Jolyn détacha chacune des syllabes avec application. La mer avait un bien joli nom dans cette langue. Quand Ezechios le prononçait, elle pouvait presque entendre le roulement des vagues. Le vieillard baissa son index, hésita, puis le pointa vers le soleil mourant :

Anostas.

Jolyn et Faè répétèrent comme une seule femme. Un autre mot naquit entre les lèvres d’Ezechios, puis un autre, et un autre encore. C’était devenu leur rituel, à une heure où le camp avait plongé dans l’obscurité et le silence. Tous les jours depuis qu’ils avaient partagé leurs noms, il se retrouvaient au même endroit, contre le rocher en forme de tortue. Ils s’y asseyaient, regardaient les lunes scintillantes sur la mer et le doux éclat des étoiles. Chaque élément de leur environnement trouvait un nouveau nom. Ezechios les répétait jour après jour, inlassablement, avec le même sourire. Jolyn se demandait parfois ce qui le poussait à ces rencontres avec deux étrangères qui ne lui ressemblaient pas. Tant d’autres personnes du camp parlaient sa langue, qu’avaient-elles fait pour attirer son attention ?

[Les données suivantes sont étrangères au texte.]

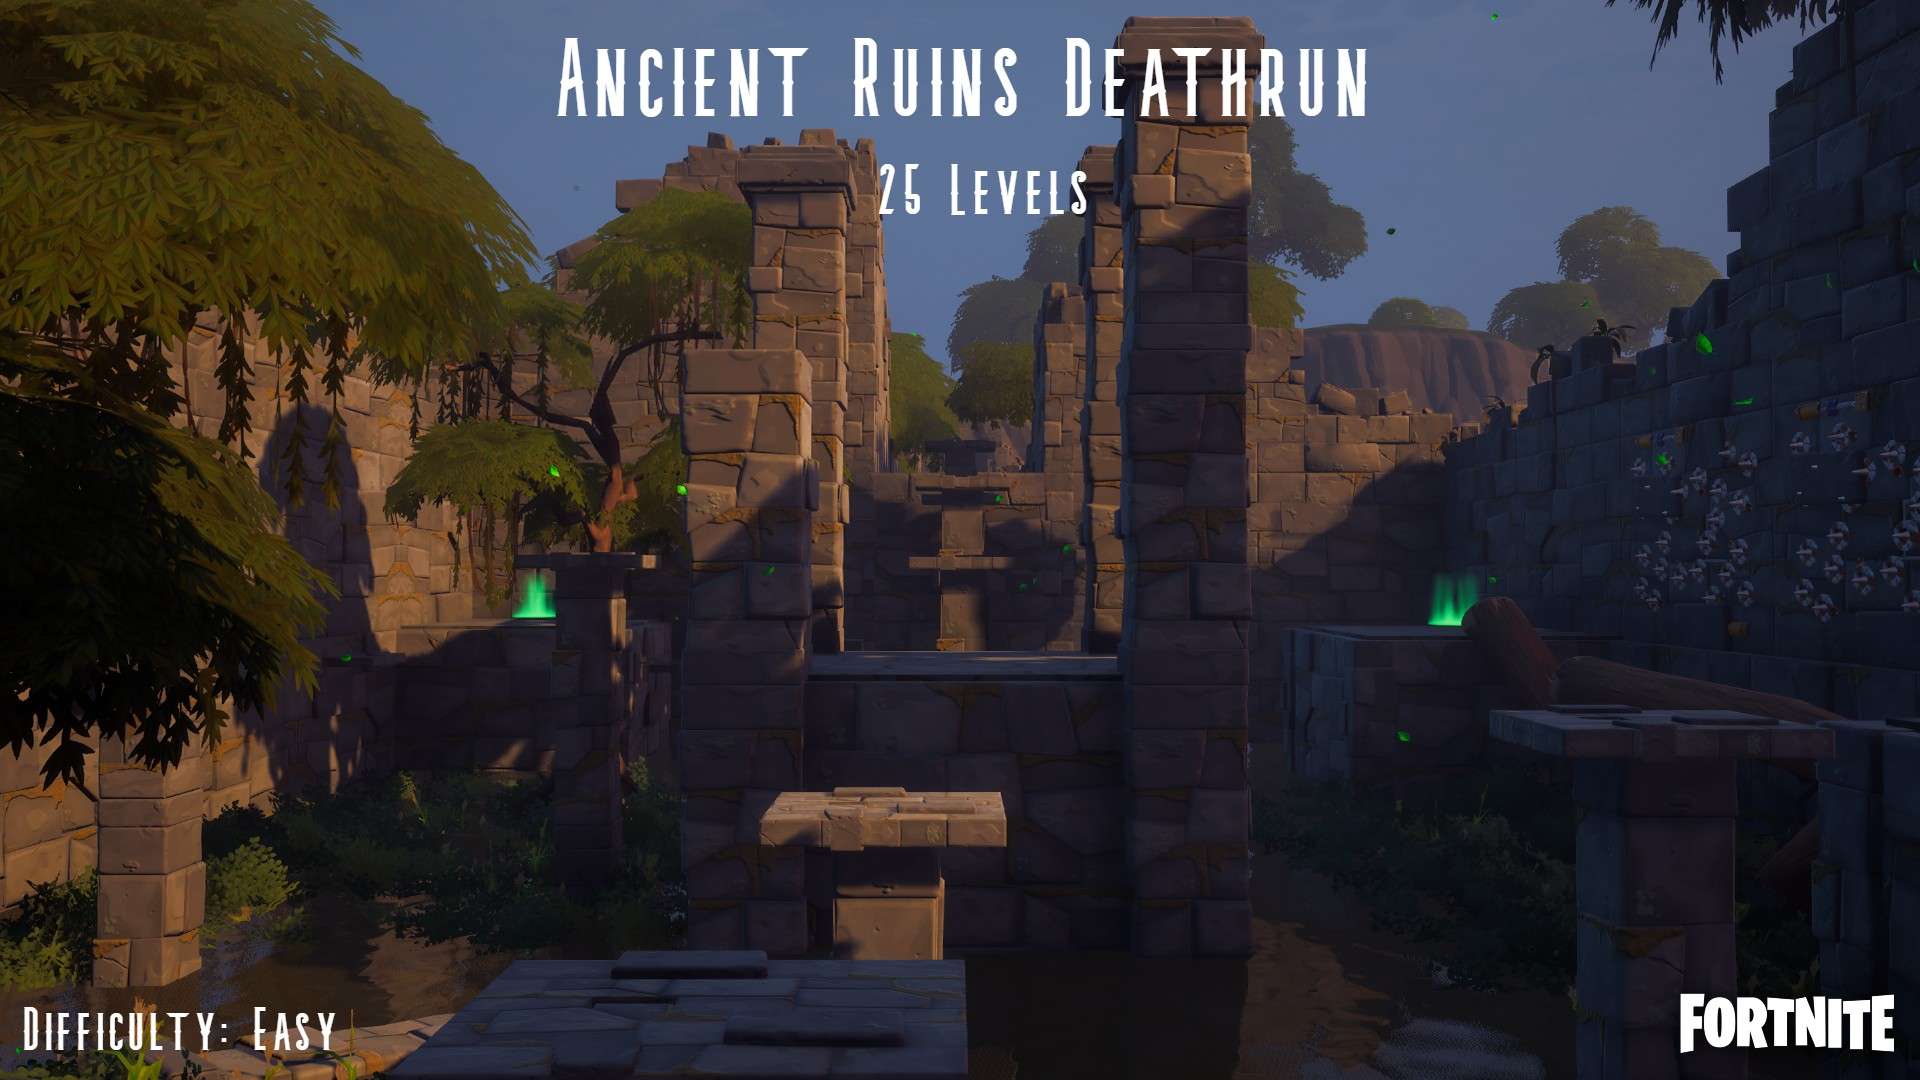 ANCIENT RUINS DEATHRUN

Au-delà de ce répertoire partagé grandissant, le passage des jours leur avait permis de développer un nouveau langage. Celui des sons et des corps. Des onomatopées, des rires modulés, des hochements de tête, des gestes exagérés, des sourires. Leurs émotions mutuelles trouvaient d’autres réceptacles que les mots. Dans les soupirs et le dos courbé d’Ezechios, Jolyn pouvait lire son épuisement, sa tristesse parfois. Elle pressentait qu’il la comprenait au moins autant. Leurs silences étaient plus longs que leur conversation, mais ils étaient brisés de rires précieux, chaleureux et humains. Avec lui à ses côtés, elle laissait parfois ses épaules retomber, ses larmes couler et son regard sombrer dans les vides de l’horizon. Dans ces moments, il ne disait rien, ne faisait rien. Il était seulement là. C’était déjà beaucoup.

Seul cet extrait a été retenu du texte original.